Types of Eucalyptus Trees: Leaves, Flowers, Bark – Identification Guide (With Pictures)

Types of Eucalyptus Trees: Bark, Leaves, Flowers - Identification Guide

Eucalyptus trees are species of large flowering trees and shrubs with aromatic leaves and attractive smooth peeling bark. Some types of Eucalyptus trees are called gum trees, and fruit from eucalyptus plants are called gumnuts. Eucalyptus plants are native to Australia but also grow in tropical and temperate climates throughout the world.

Some species of eucalyptus trees can grow as tall as 330 ft. (100 m). Eucalyptus shrubs—known as mallees—grow up to 33 ft. (10 m) tall.

Eucalyptus plants can grow well as houseplants in containers.
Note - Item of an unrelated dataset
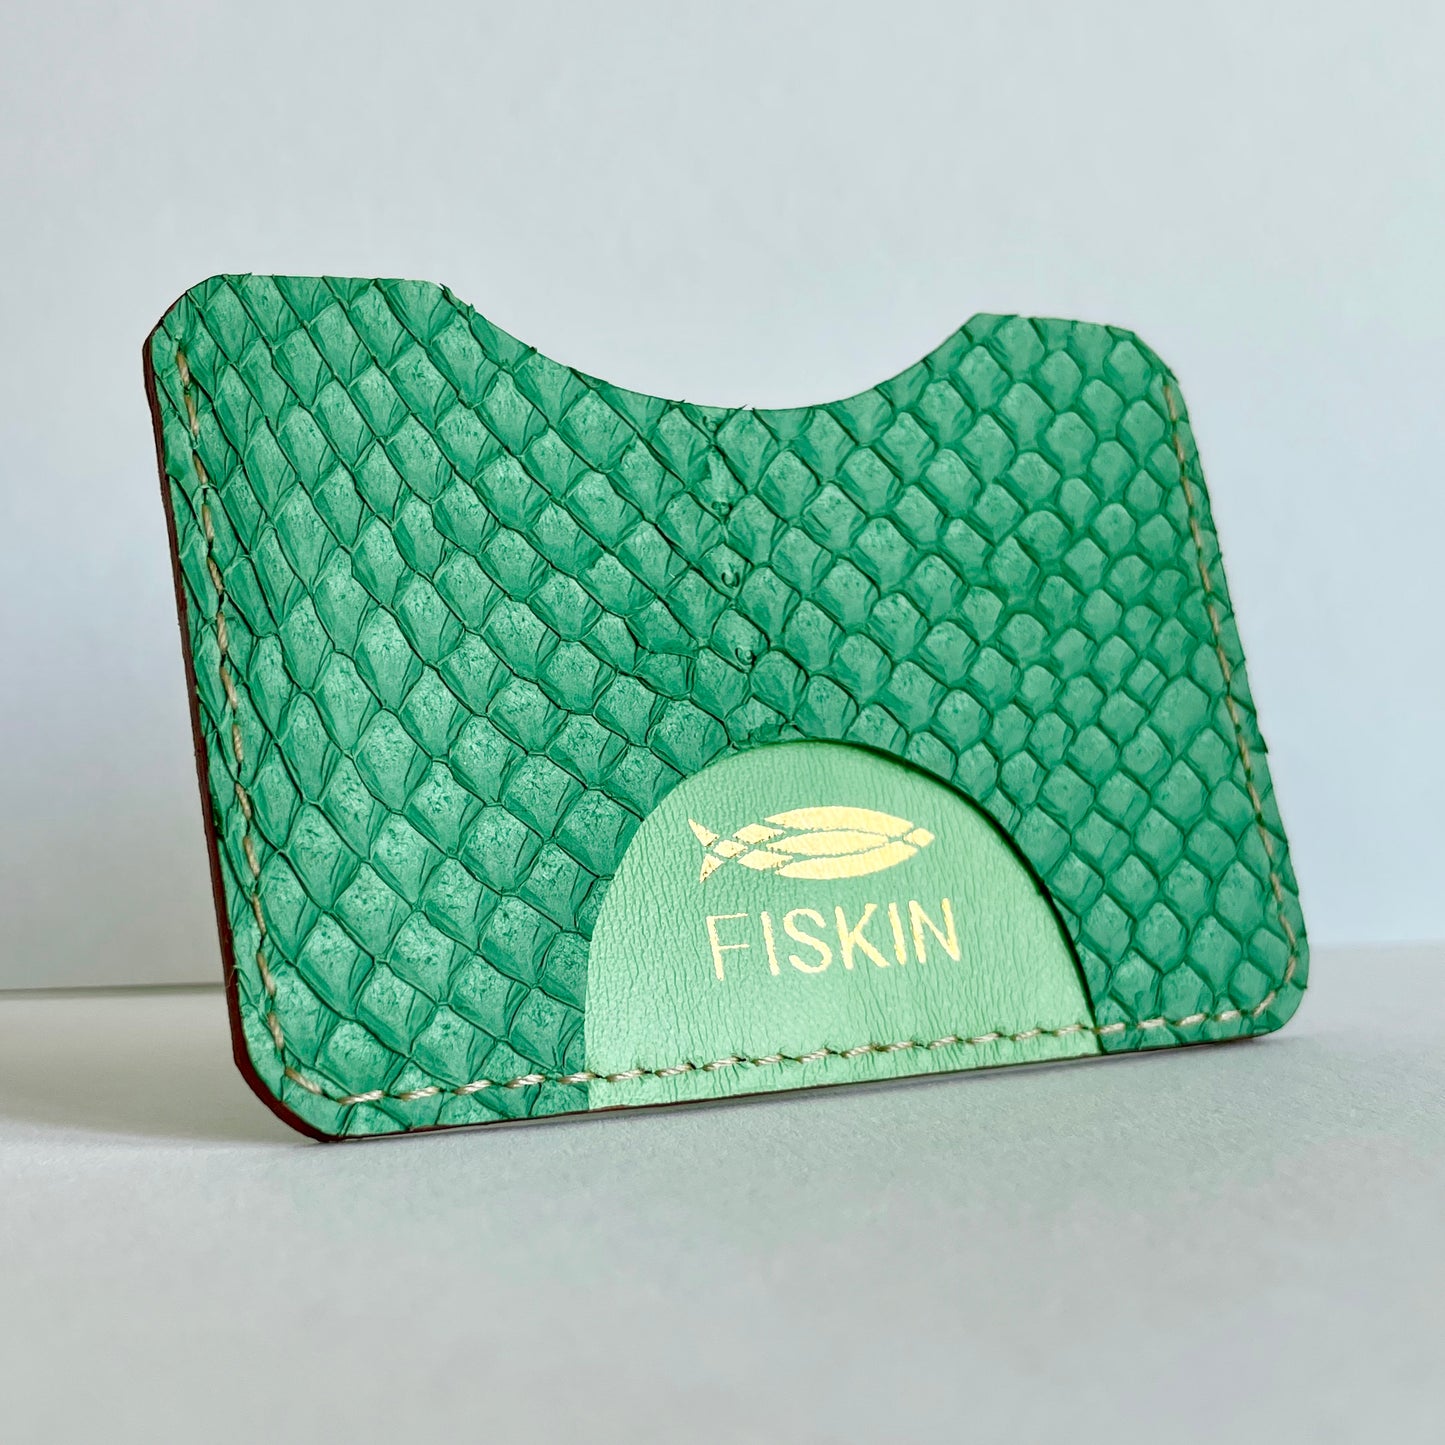 Fish leather cardholder, green summer

However, eucalyptus plants are fast-growing shrubs and trees and may soon outgrow your indoor spaces. Some eucalyptus species grow as fast as 8 ft. (2 m) in one season.

In this article, you’ll find out about the most common eucalyptus trees. Descriptions and pictures of eucalyptus tree leaves, flowers, and bark will help identify eucalyptus shrub and tree species.

Facts About the Eucalyptus Plant

There are over 700 species of eucalyptus plants that grow as evergreen shrubs or medium to tall trees.

Common species of eucalyptus trees are the rainbow eucalyptus (Eucalyptus deglupta) that’s identified by its colorful bark, the lemon eucalyptus plant (Eucalyptus citriodora) with leaves giving off a citrusy lemon aroma, and the silver princess gum tree (Eucalyptus caesia).

Plants in the genus Eucalyptus belong to the myrtle family Myrtaceae.

Although eucalyptus trees mainly grow in Australia, they grow in many other North and South American, Asian, and European countries.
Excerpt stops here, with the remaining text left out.